Tata spojrzał na mnie z tak poważnym wyrazem twarzy, z jakim jeszcze nigdy w życiu go nie widziałam.

- Miałaś rację, rybko. To, co widziałaś dziś w nocy musiało być wizją zesłaną od Prawiedźmy - oznajmił.

Prawiedźma? Kto to w ogóle jest? Nigdy o niej nie słyszałam.

- Kim jest prawiedźma? - spytałam.

- Prawiedźma była pierwszą z wiedźm, stworzyła magię i nauczała jej innych. Setki lat temu była czczona przez wielu, co sprawiała że rosła w siłę. Pewnego razu jednak zniknęła.
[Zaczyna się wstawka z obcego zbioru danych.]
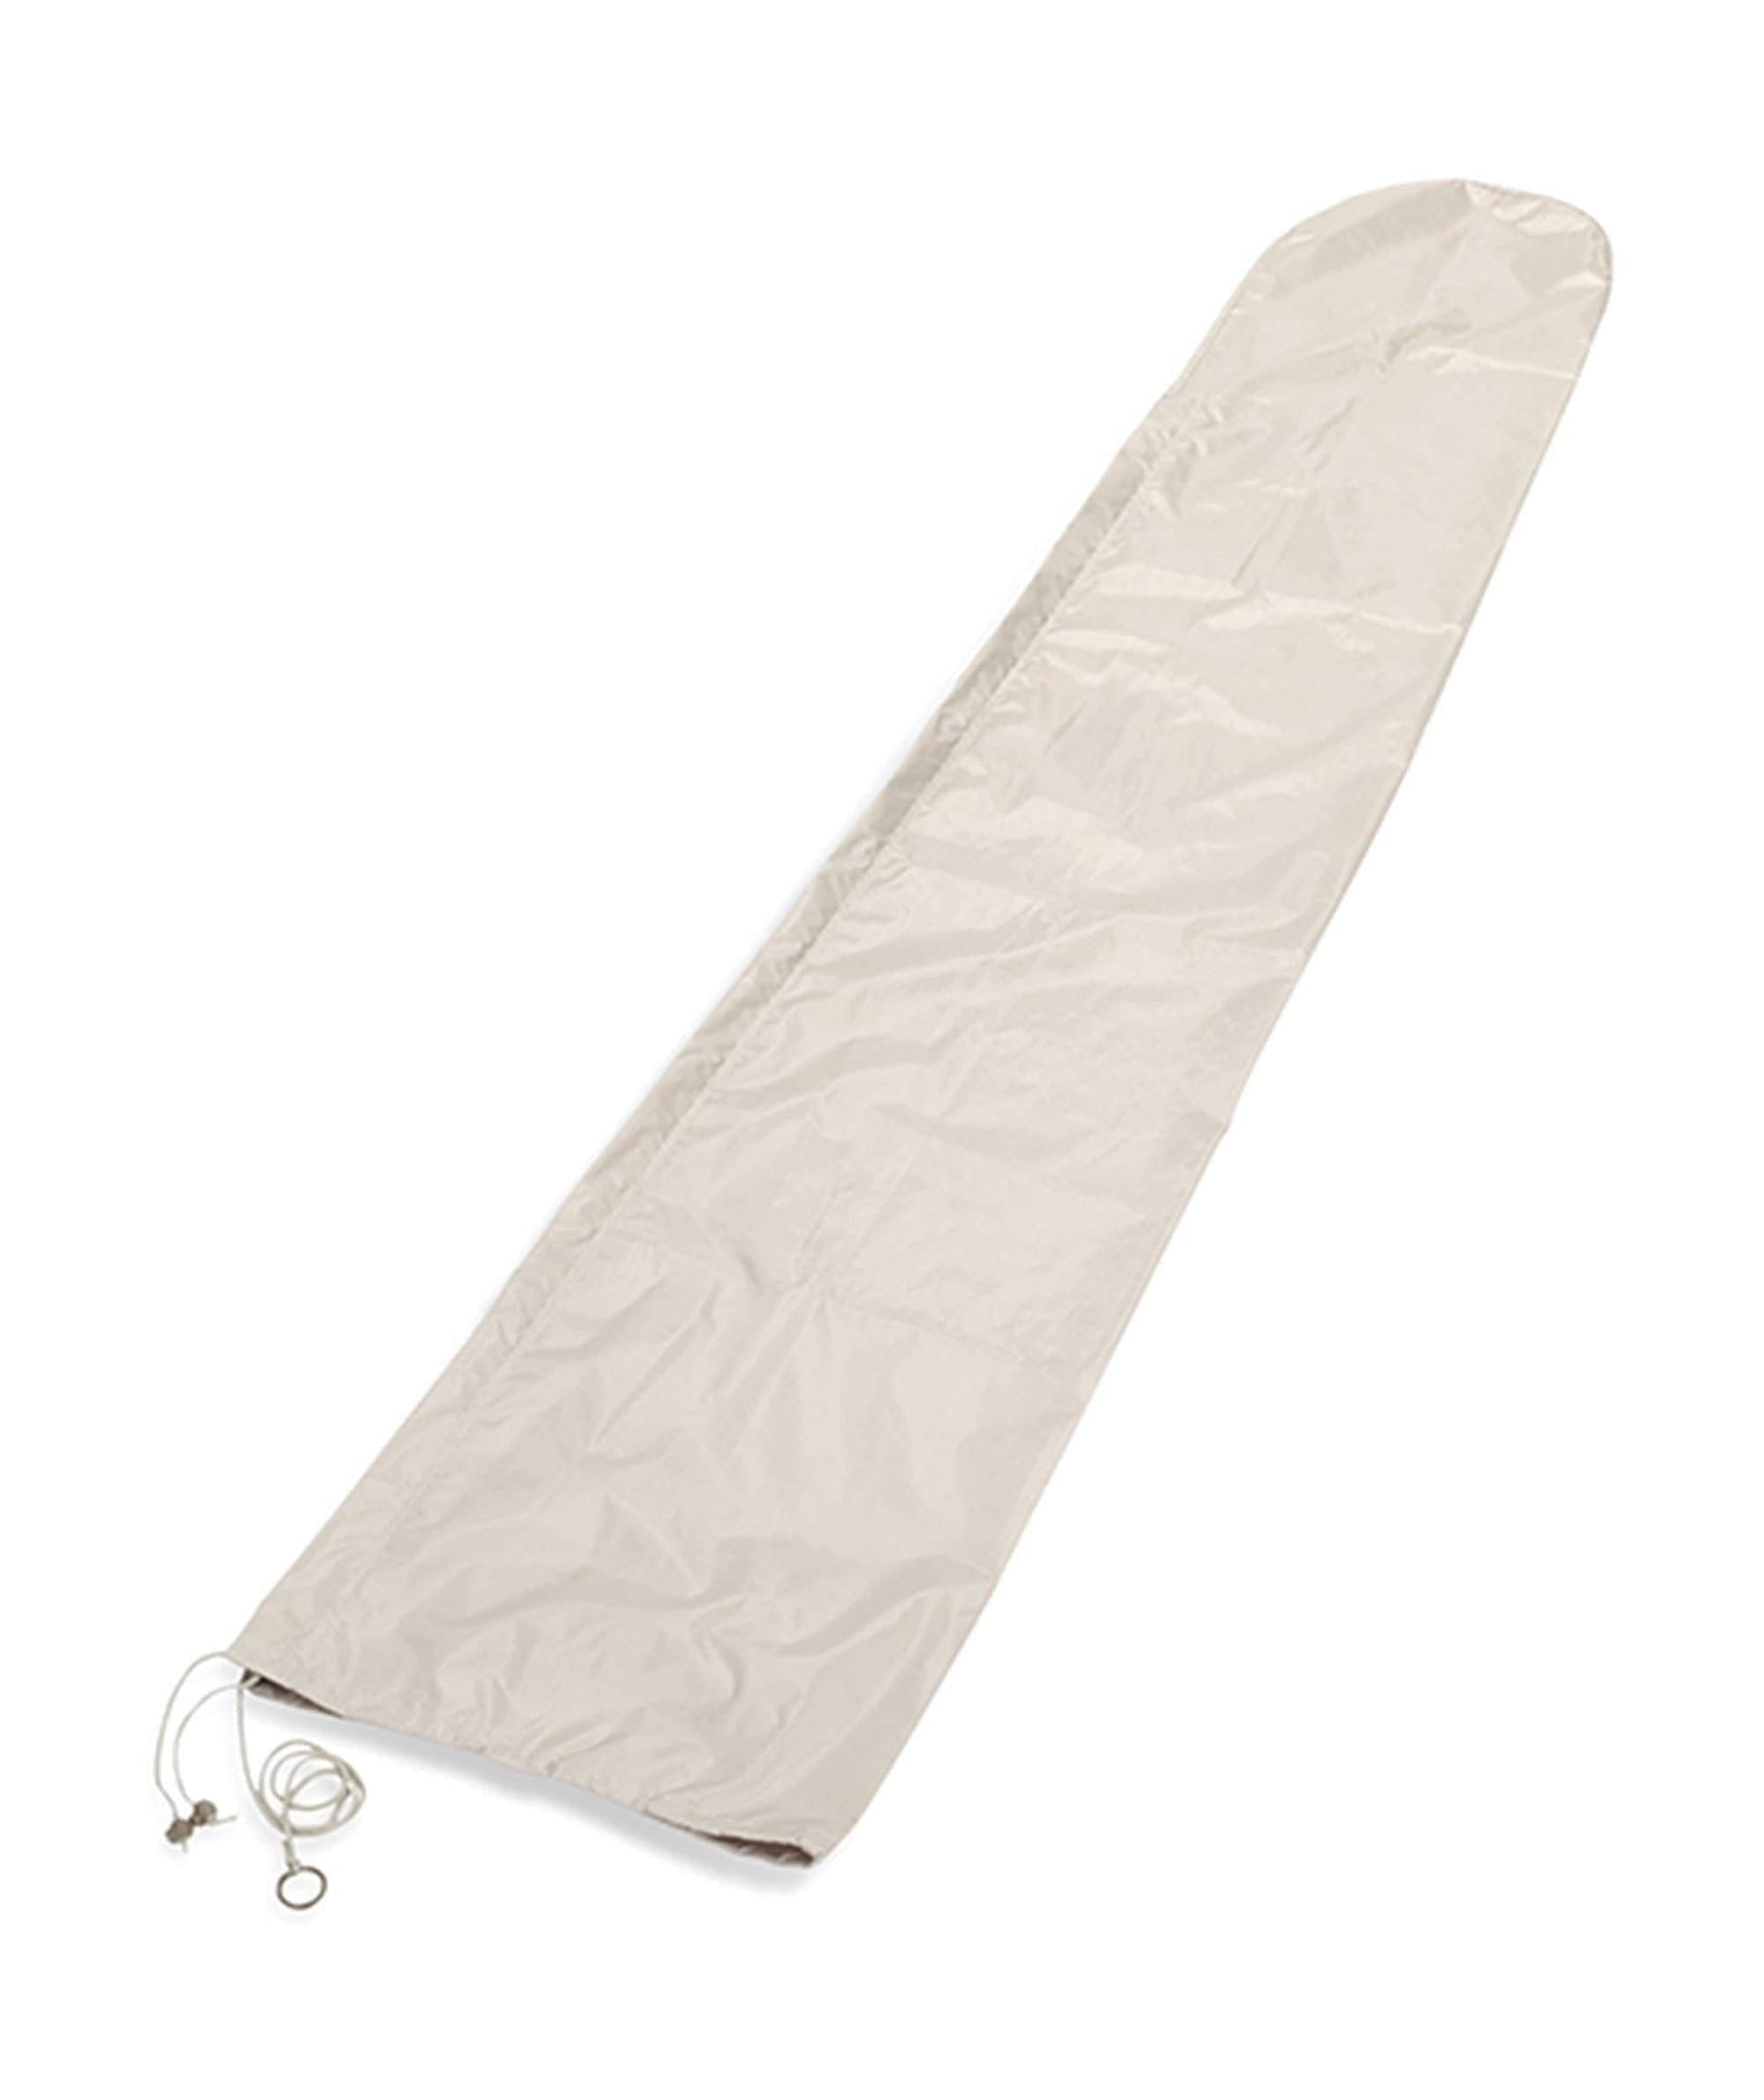 Skagerak Abdeckung für Parasol Ø330 cm, aus weiß

Lata mijały, a coraz więcej ludzi o niej zapominało, aż w końcu przestała być czczona - opowiadała, a ja czułam się coraz bardziej zaguniona.

- Zinta... Stare podania mówią o tym, że nazywała się Zinta - odezwała się mama.

Moi rodzice byli historykami. Dosłownie żyli historią. W naszym domu wręcz roiło się od najróżniejszych zwojów, ksiąg i podań. Nie dziwiłam się więc, że znali historię Prawiedźmy.

- Ale dlaczego jakaś Prawiedźma miałaby mi zsyłać wizję? Przecież to musi być jakaś pomyłka!

- Chciałabym, żeby tak było, córciu - powiedziała mama ze smutkiem. - Jednak to nie możliwe, żeby to była pomyłka. Zostałaś oznaczona wiedźmim znakiem - dodała, wskazując głową na pentagram na moim przedramieniu.

- Czyli to oznacza, że pozwolicie mi mi udać się do Ninjago City? - spytałam.

- Wydaje mi się, że nie mamy wyboru, rybko - powiedział tata, siląc się na uśmiech.

Wiedziałam, że nie chcą abym ich opuszczała. Ja też tego nie chciałam. Mimo tego moja intuicja podpowiadała mi, że muszę to zrobić.

- Dziękuję wam - powiedziałam zdławionym głosem.

- Za co, skarbie? - zdumiała się mama.

- Za to, że jesteście najlepszymi rodzicami na świecie - wyjaśniłam.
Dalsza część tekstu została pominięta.